How ConServ ranks the conservation of each residue.

An evolutionary rank (conservation score) k^C, ranging from 1 (for a rapidly evolving, highly variable residue) to 9 (for a slowly evolving, conserved residue), for each residue of a protein is calculated for each residue directly from the free PDB chain sequence, or a provided Fasta sequence using a new locally coded implementation of ConSurf[1, 2] running in Python.

In brief the target sequence is used to search the Uniref90 database[3] using HMMER[4] for similar sequences and the resulting matches were then accepted or rejected according to the following criteria. Firstly, we used CD-Hit[5] to reduce matches that have a >= 95% sequence id with each other to only one representative sequence. Any resulting sequences that had a <= 60% overlap with the target sequence were rejected along with any sequence that had a either a <= 35% or a >= 95% sequence id with the target. Finally any sequence that was a subset of itself elsewhere with a >= 10% overlap was rejected.

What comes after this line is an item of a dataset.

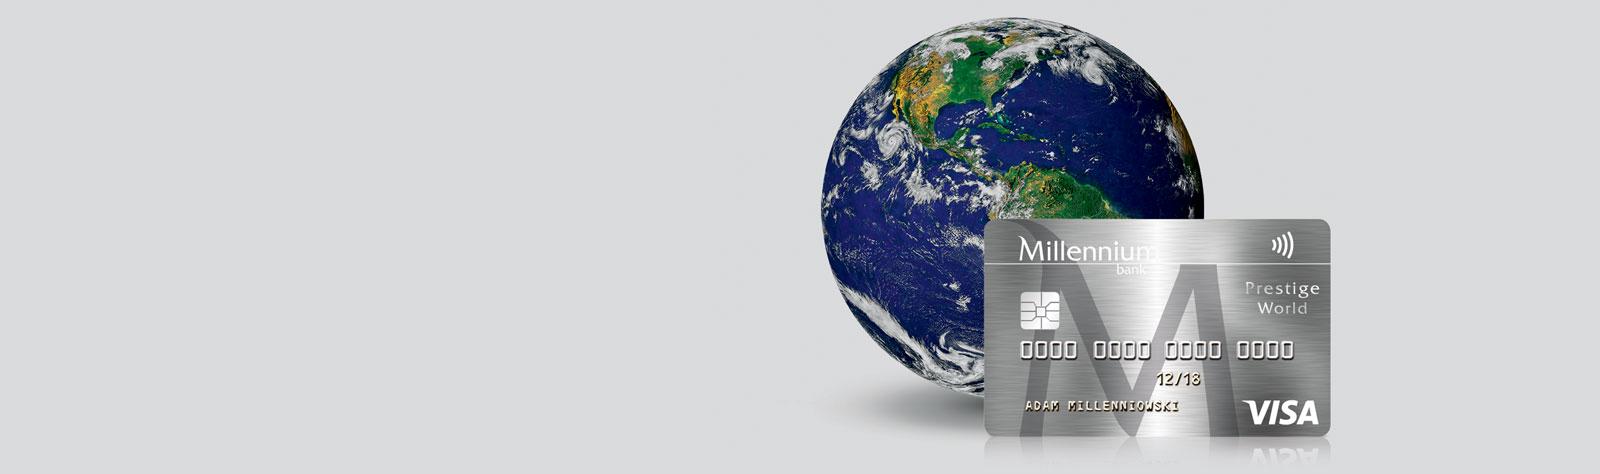 Karta World.Karta Debetowa Millennium Visa Prestige World Bank Millennium

Following this selection procedure the top 300 acceptable sequences, or if there are less than 300 then all, were then aligned to the target template using mafft-linsi[6] and the per residue conservation score calculated using the rate4site program[7]. These final scores are then converted into ConSurf grades from 1–9 where residues graded 1 were the least conserved and those graded 9 were the most conserved.

References.

[1] Glaser F, Pupko T, Paz I, Bell RE, Bechor-Shental D, Martz E, et al. ConSurf: Identification of Functional Regions in Proteins by Surface-Mapping of Phylogenetic Information. Bioinformatics. 2003;19:163-4.

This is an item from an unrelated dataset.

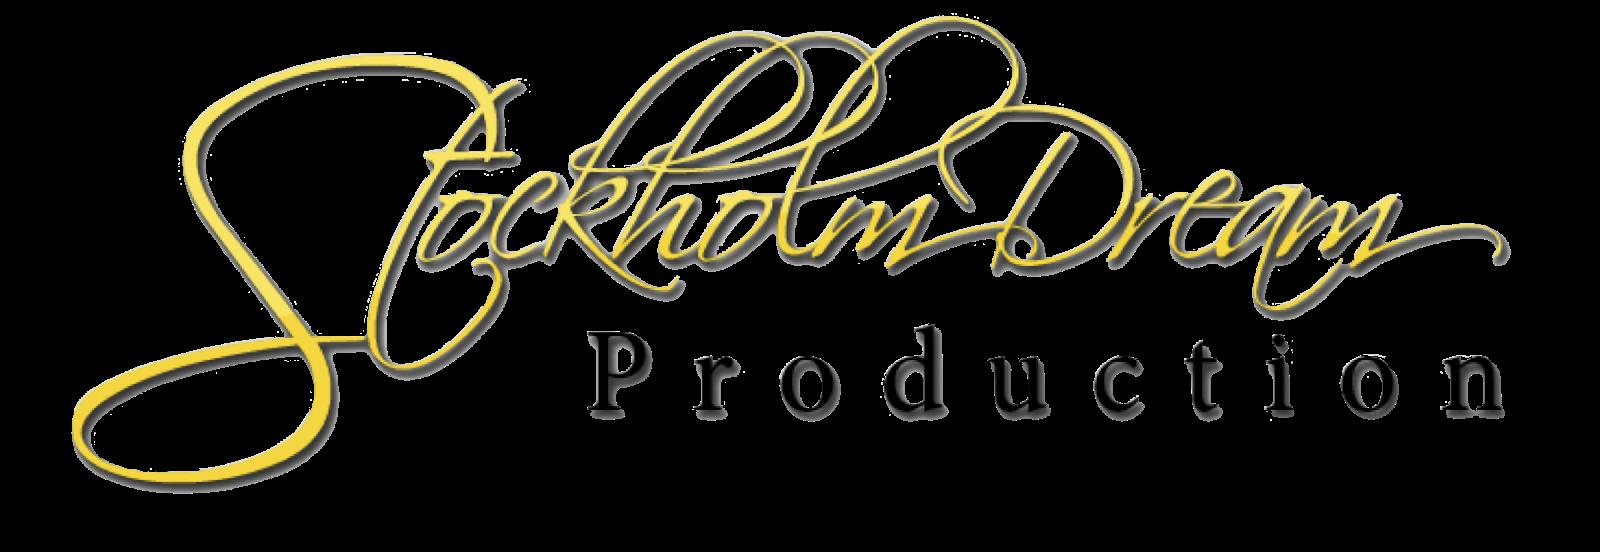 Spolupracujeme s produkcí

[2] Landau M, Mayrose I, Rosenberg Y, Glaser F, Martz E, Pupko T, et al. ConSurf 2005: the projection of evolutionary conservation scores of residues on protein structures. Nucleic Acids Res 2005;33:299-302.

[3] Wu CH, Apweiler R, Bairoch A, Natale DA, Barker WC, Boeckmann B, et al. The Universal Protein Resource (UniProt): an expanding universe of protein information. Nucleic Acids Res. 2006;34:D187-91.

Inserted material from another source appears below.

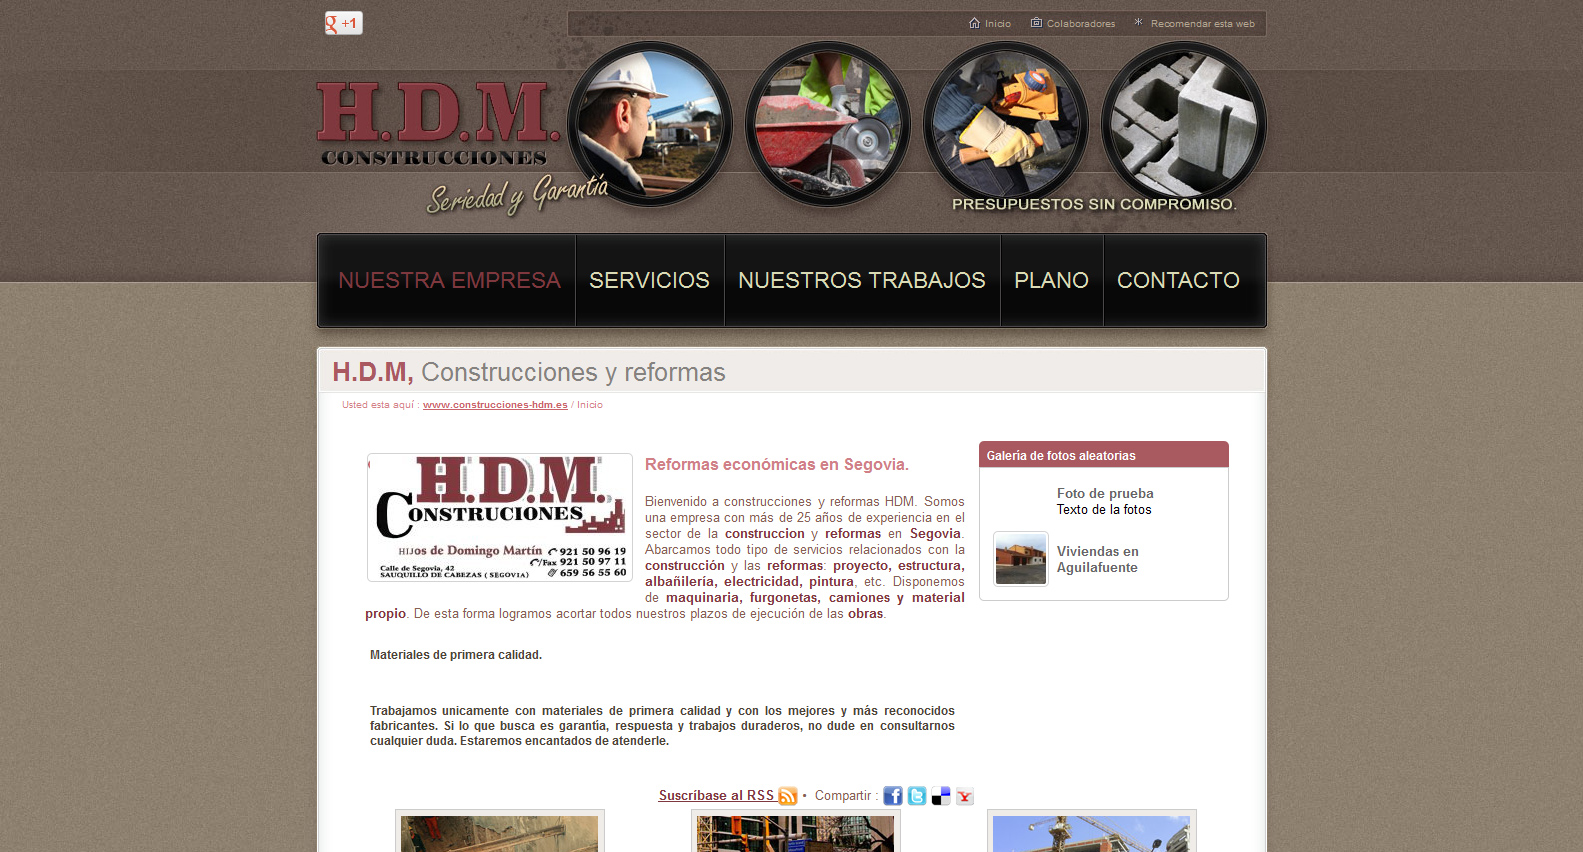 HDM Construcciones

[4] Johnson LS, Eddy SR, Portugaly E. Hidden Markov model speed heuristic and iterative HMM search procedure. BMC Bioinformatics. 2010;11:431.

[5] Li W, Godzik A. Cd-hit: a fast program for clustering and comparing large sets of protein or nucleotide sequences. Bioinformatics. 2006;22:1658-9.

[6] Nakamura T, Yamada KD, Tomii K, Katoh K. Parallelization of MAFFT for large-scale multiple sequence alignments. Bioinformatics. 2018;34:2490-2.

[7] Pupko T, Bell R, Mayrose I, Glaser F, Ben-Tal N. Rate4Site: An algorithmic tool for the identification of functional regions in proteins by surface mapping of evolutionary determinants within their homologues. Bioinformatics (Oxford, England). 2002;18 Suppl 1:S71-7.